Any insights, best practices, or step-by-step instructions on how to achieve this setup would be greatly appreciated. I want to make sure I'm configuring this correctly for both capacity and data safety.

Thank you in advance for your help!
 
Is it feasible and recommended to run a CephFS on top of an Erasure Coded pool with 3 OSDs (one per node) in a Proxmox environment?
No,

Actually, let me restate.

HELL no. and if you need to understand why not, search for @UdoB's post on ceph.

If I were you, I'd put the three disks in one of my nodes, add one more and make a zpool striped mirror.
 
No,

Actually, let me restate.

HELL no. and if you need to understand why not, search for @UdoB's post on ceph.

If I were you, I'd put the three disks in one of my nodes, add one more and make a zpool striped mirror.
Hi alexskysilk,

Thanks for your initial response. I understand your point about distributing of the SSDs. Unfortunately, due to the hardware limitations of my setup. I'm using three individual mini PCs, each with only a single available SATA SSD connection. I am unable to distribute the SSDs differently across the nodes. Each 2TB SSD is physically installed in one of the three separate nodes.

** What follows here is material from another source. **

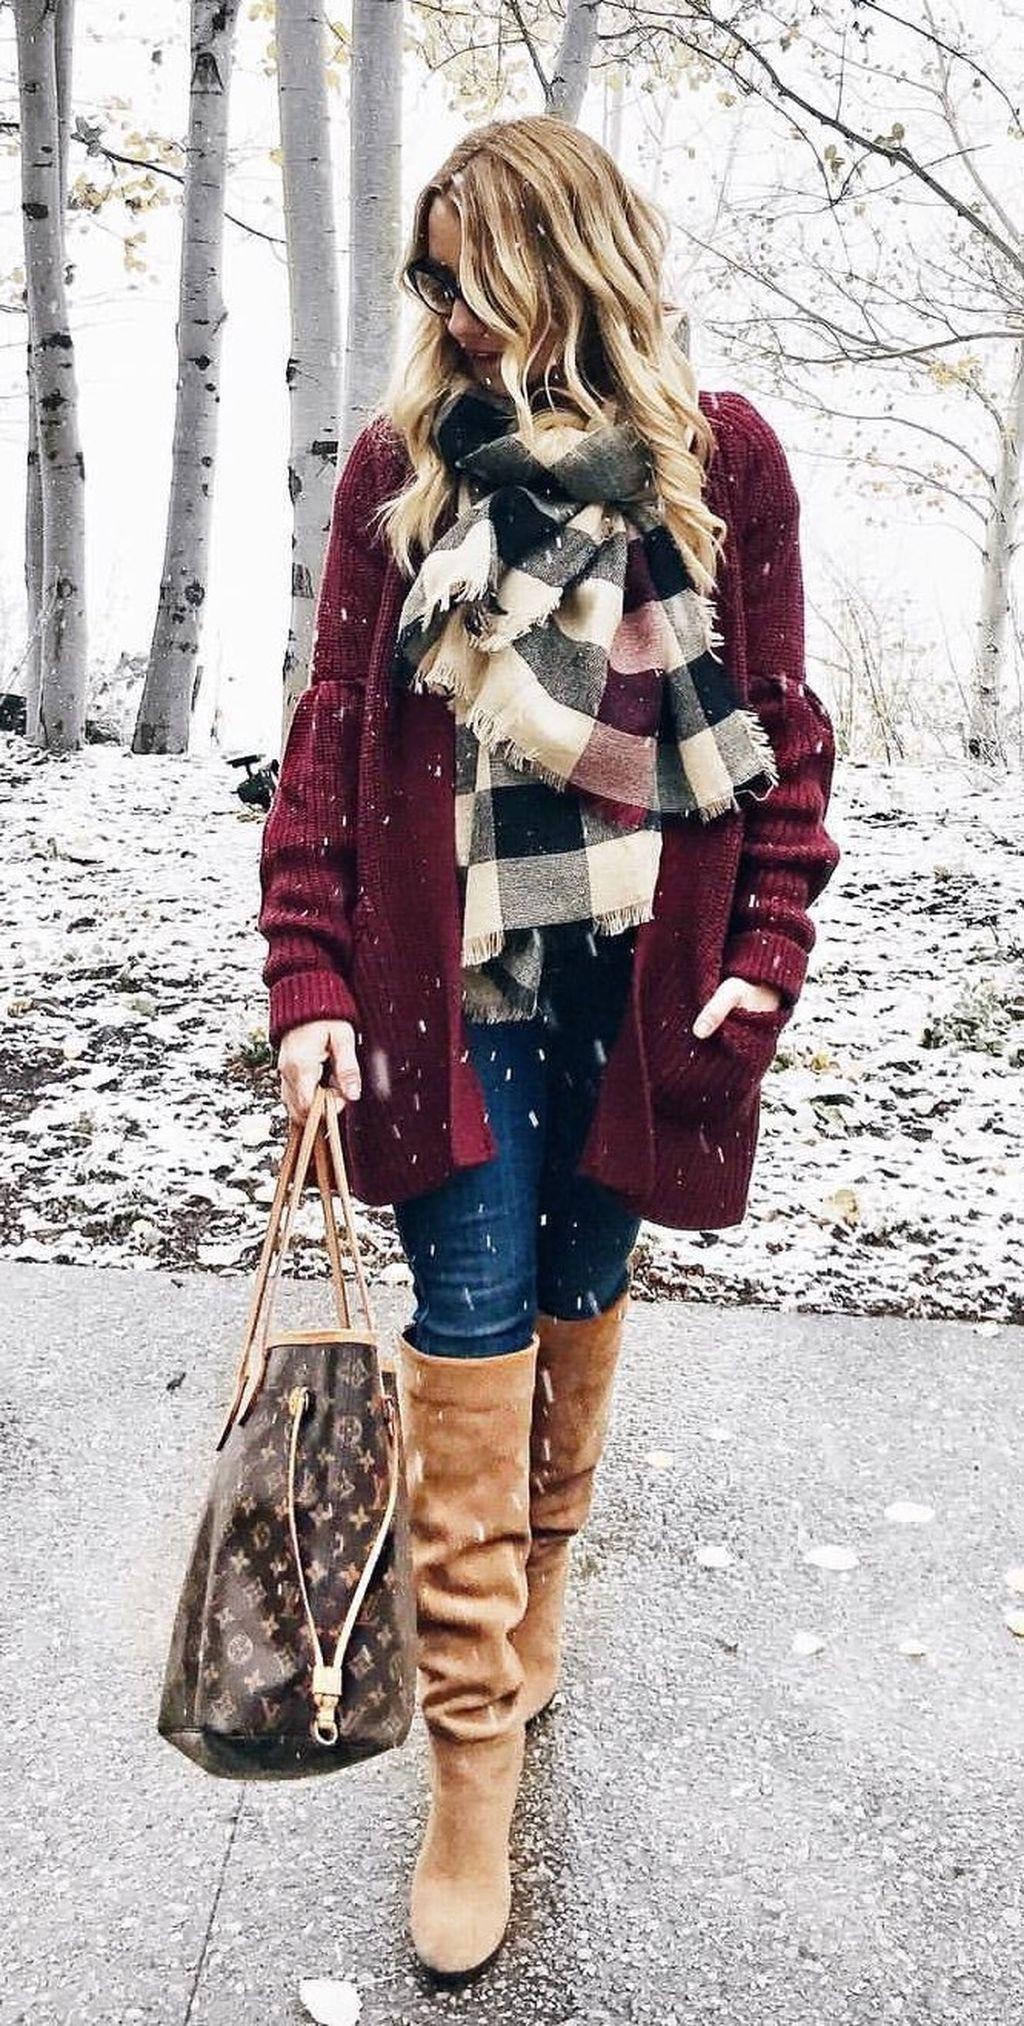 41 Cute Women Winter Outfit Ideas 2018 | Winter, Summer dresses

Given this hardware limitation, I'm still looking for a way to create a shared storage pool from these three SSDs that can provide a mountable path (like a local disk) for applications like FileCloud, while also providing some level of redundancy.

So, my follow-up question is: Given my hardware limitation of one SSD per node, is there an alternative approach to CephFS that would allow me to pool these three SSDs into a single storage volume accessible via a path, ideally with some fault tolerance comparable to an erasure coding setup?

Perhaps there's a different distributed file system or storage solution that might be better suited for this specific hardware configuration?

Any other suggestions or insights would be greatly appreciated.

Thanks again!
 
Given this hardware limitation, I'm still looking for a way to create a shared storage pool from these three SSDs that can provide a mountable path (like a local disk) for applications like FileCloud, while also providing some level of redundancy.
this is somewhat akin to saying "I want to move a ton of sand but I want to do it with a bicycle."

Your rational options for what you want given your proscribed limitations is either doing a replication group (with all admonitions about poor performance, potential pitfalls, etc notwithstanding) OR you can do something using a zfs replication pair (see https://pve.proxmox.com/wiki/Storage_Replication.) this will work to provide nearline HA for your vms. for payload, you can set them up in active/passive nfs- the simplest way would be to have both servers present seperate shares mounted via pvesm and manually switch usage as needed although more automated methods can be deployed (using pacemaker, etc.)

I can already hear you saying how thats a terrible use of your capacity- to which I respond with what gave you the idea that fault tolerance is free? its ONLY costing you 3x capacity for ceph or 2x for zfs replication. good deal in my book.